I think I'm avoiding the obvious answer - telling Job B up front that as long as Job A clears out on time, we'll be there, but if it doesn't we're going to be starting later than we thought. And we'll probably lose jobs if we say that, but at least they won't be pissed at us. Let them make the decision, with that schedule risk in mind, that way when it does go bad, they know it was a potential outcome.
 

·
Structural Engineer
Joined
·
513 Posts
Discussion Starter · #10 ·
It all came to a head about 2 hours ago at "Job A". The site that was generating the changes flung another big one on us. So when I left that site I had to call the client next on the schedule. We were supposed to be there last week, then I had to tell him this week, and an hour ago I had to tell him January. I was expecting to catch hell and lose the project altogether. But wouldn't you know it, he was ok with it. "I actually want to add about 30% more to the scope of work, but don't worry, we'll work with you on the schedule, January is fine." :eek:

I have to remember - every problem is an opportunity. The problem at Job A was too much work. Which really isn't all that bad of a position to be in. And Job B was gracious enough to say "sure, come in January." So now I can flood resources over to Job A to make a big show and get all the punch list items and extra work done.

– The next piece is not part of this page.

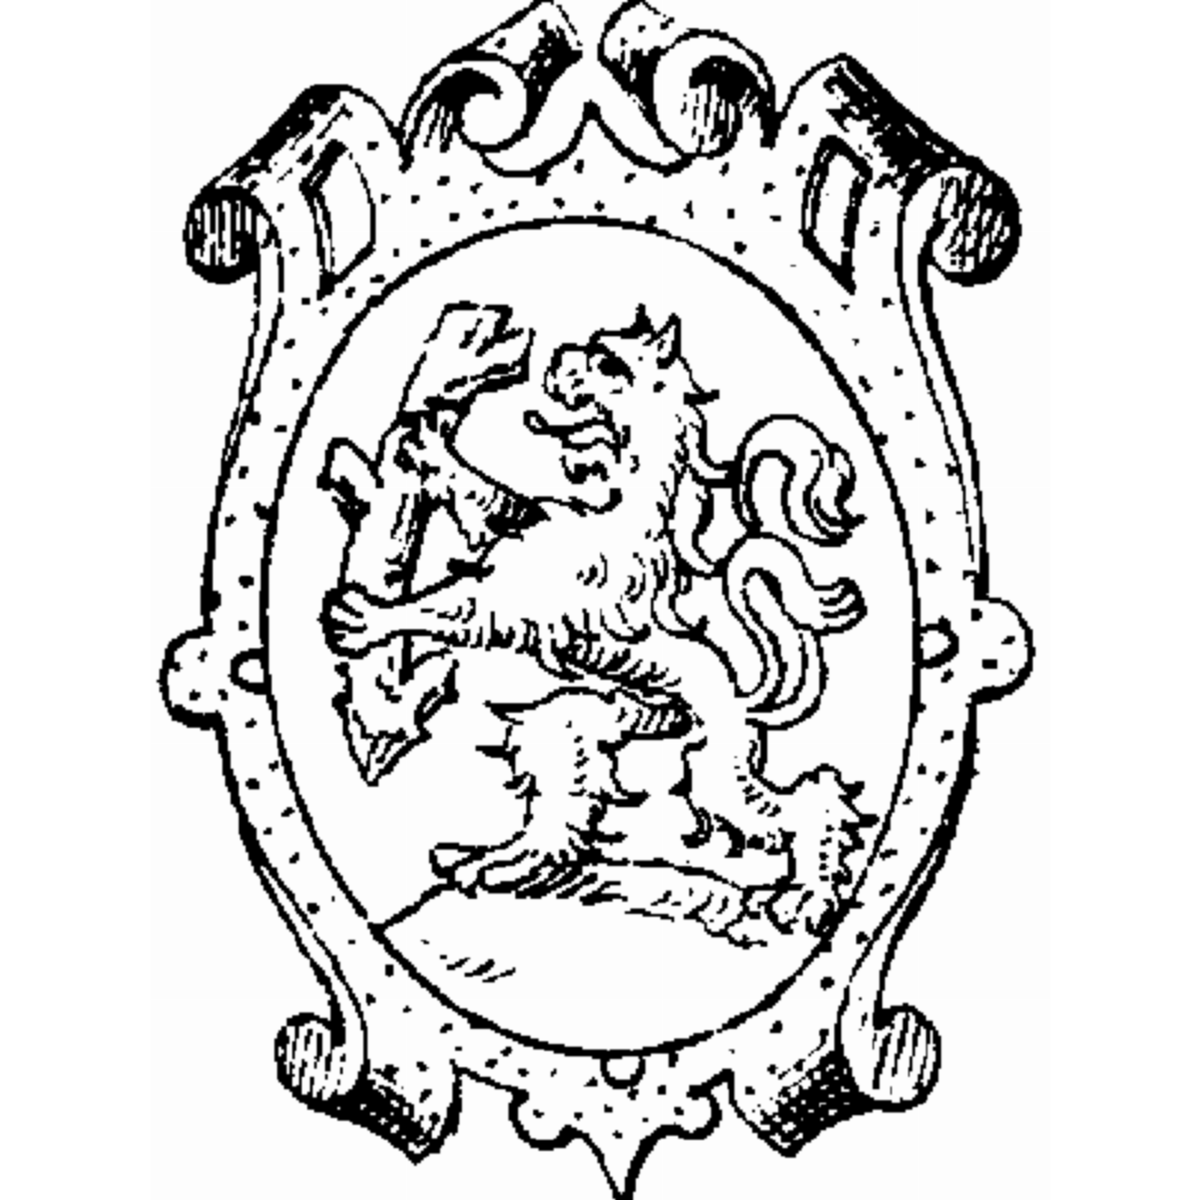 Coat of arms of family Dennler

My one foreman is ready to FREAK from the stress, though. He saw me nodding my head "yes I'll get that done in time" at Job A, and just freaked when the client left the room. I had to tell him "take a deep breath, and you worry about the welds in these two areas, and I'll worry about getting a crew in to do everything else."
 

·
Project Manager
Joined
·
2,642 Posts
It all came to a head about 2 hours ago at "Job A". The site that was generating the changes flung another big one on us. So when I left that site I had to call the client next on the schedule. We were supposed to be there last week, then I had to tell him this week, and an hour ago I had to tell him January. I was expecting to catch hell and lose the project altogether. But wouldn't you know it, he was ok with it. "I actually want to add about 30% more to the scope of work, but don't worry, we'll work with you on the schedule, January is fine." :eek:

I have to remember - every problem is an opportunity. The problem at Job A was too much work. Which really isn't all that bad of a position to be in. And Job B was gracious enough to say "sure, come in January." So now I can flood resources over to Job A to make a big show and get all the punch list items and extra work done.

My one foreman is ready to FREAK from the stress, though. He saw me nodding my head "yes I'll get that done in time" at Job A, and just freaked when the client left the room. I had to tell him "take a deep breath, and you worry about the welds in these two areas, and I'll worry about getting a crew in to do everything else."


Now, you just have to head off any problems after this job (since they are adding 30% more work), and delay the next job start.